== Your task ==
Output only the lines below from the one holding "Tattoo Sleeve Generator: Pin" down to the one holding "Aquarelverf Interfence blauw", both end lines included and every picture dropped.

╭─ Source data

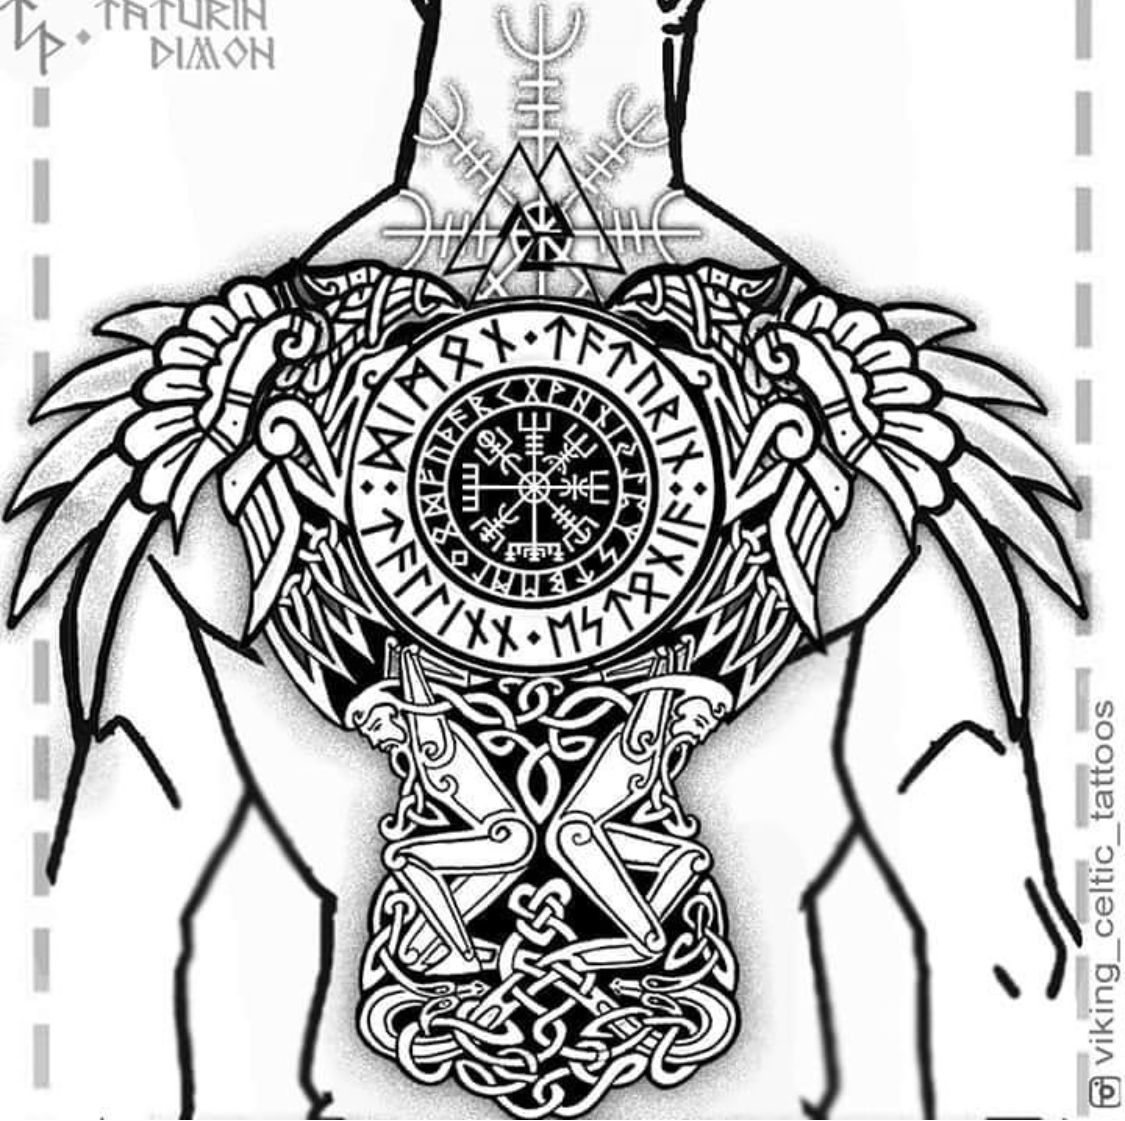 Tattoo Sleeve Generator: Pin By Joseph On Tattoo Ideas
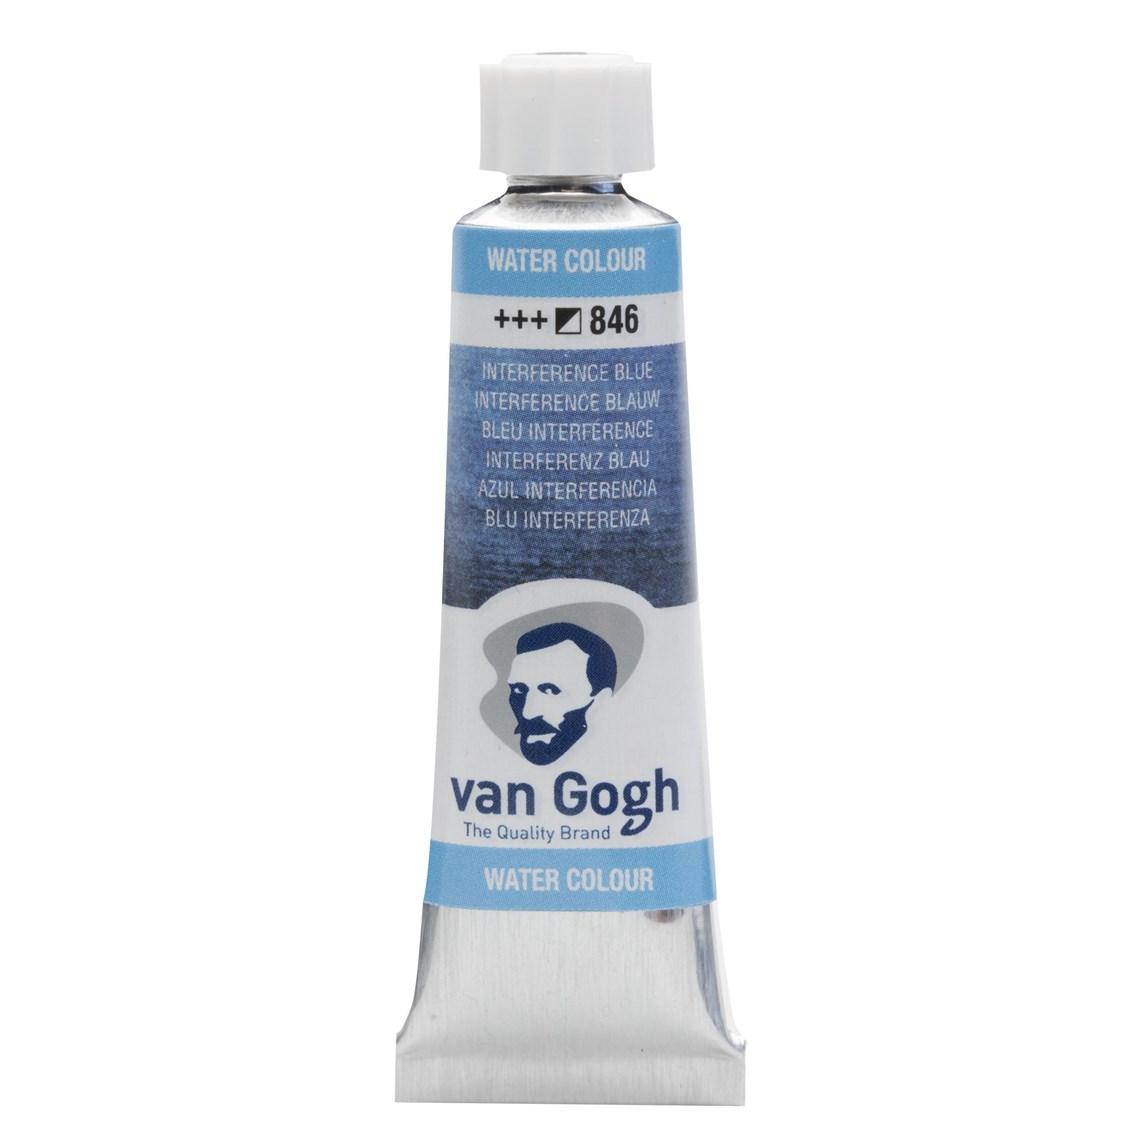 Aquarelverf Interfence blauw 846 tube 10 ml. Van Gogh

╰─
╭─ Source data

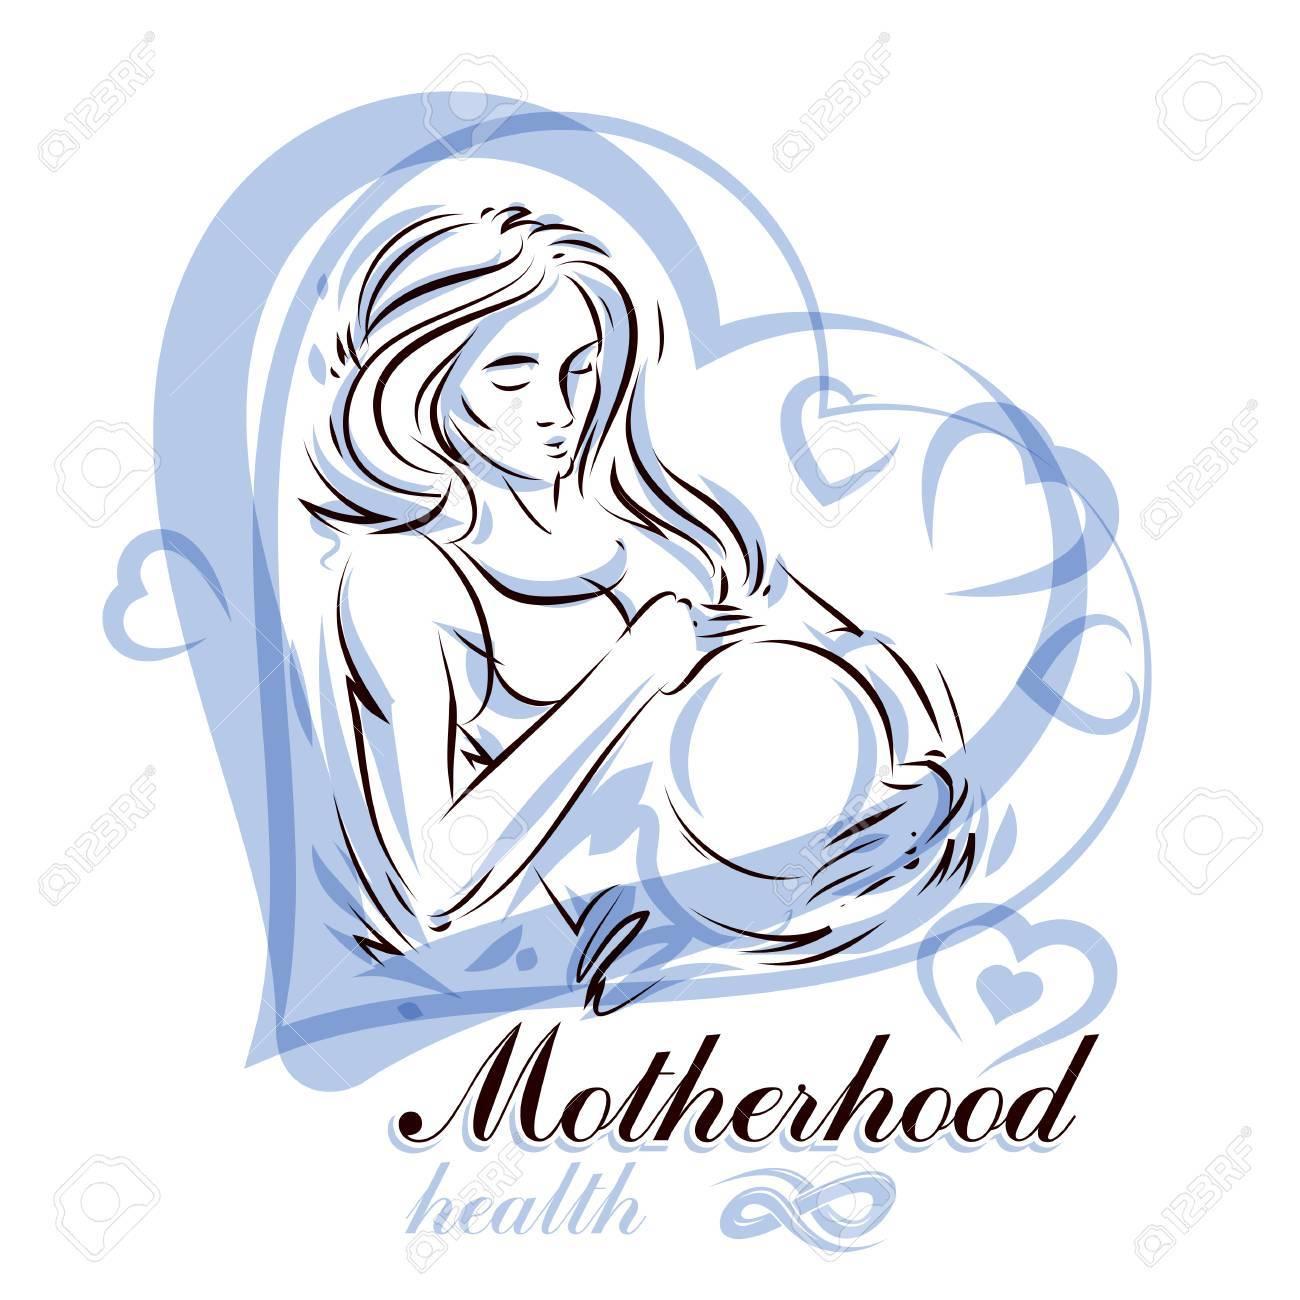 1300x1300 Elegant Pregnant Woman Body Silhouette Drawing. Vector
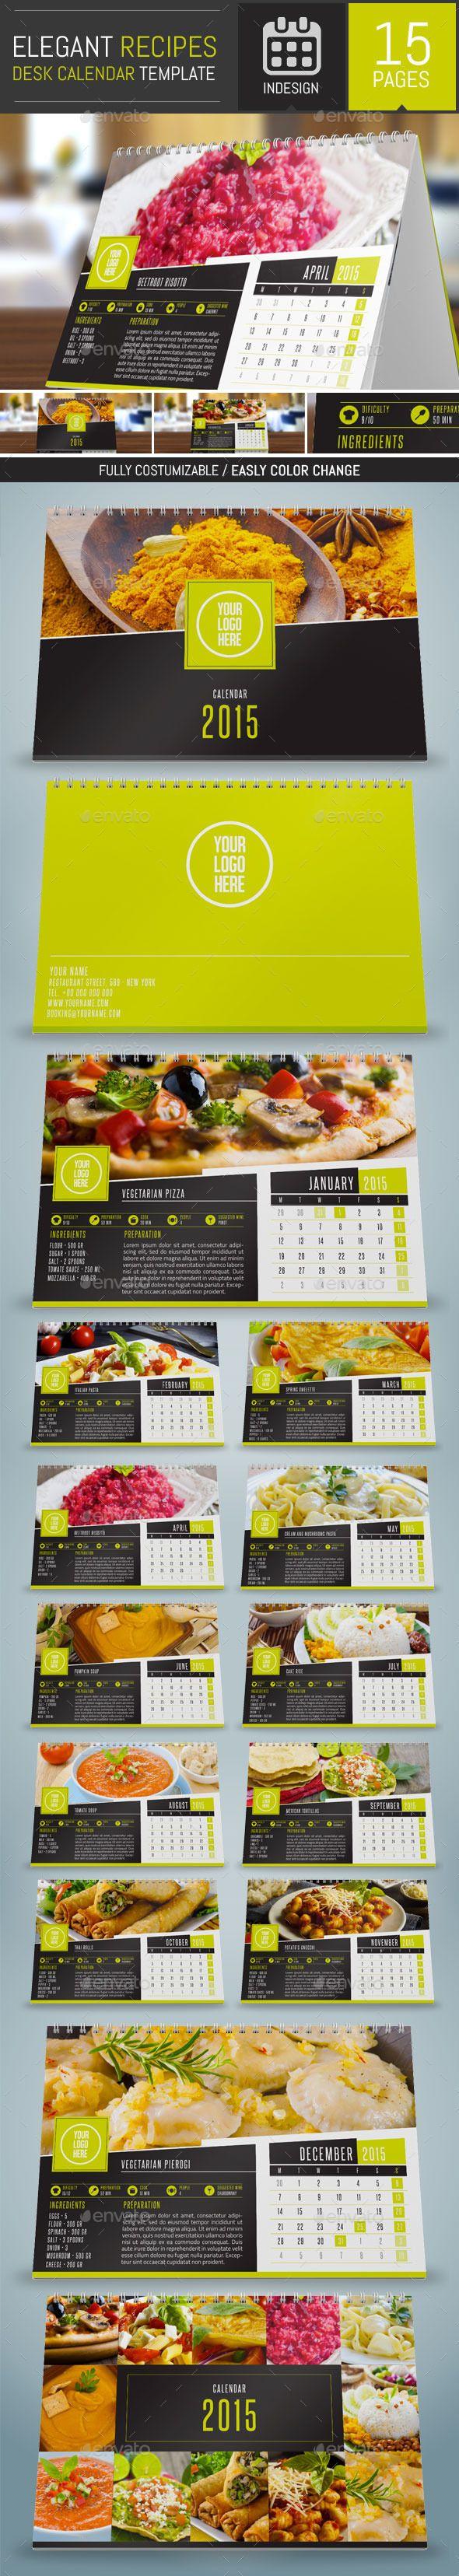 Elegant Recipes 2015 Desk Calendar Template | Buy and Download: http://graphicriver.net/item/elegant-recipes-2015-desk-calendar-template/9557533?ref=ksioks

╰─

== Response to this exercise ==
 Tattoo Sleeve Generator: Pin By Joseph On Tattoo Ideas
 Aquarelverf Interfence blauw 846 tube 10 ml. Van Gogh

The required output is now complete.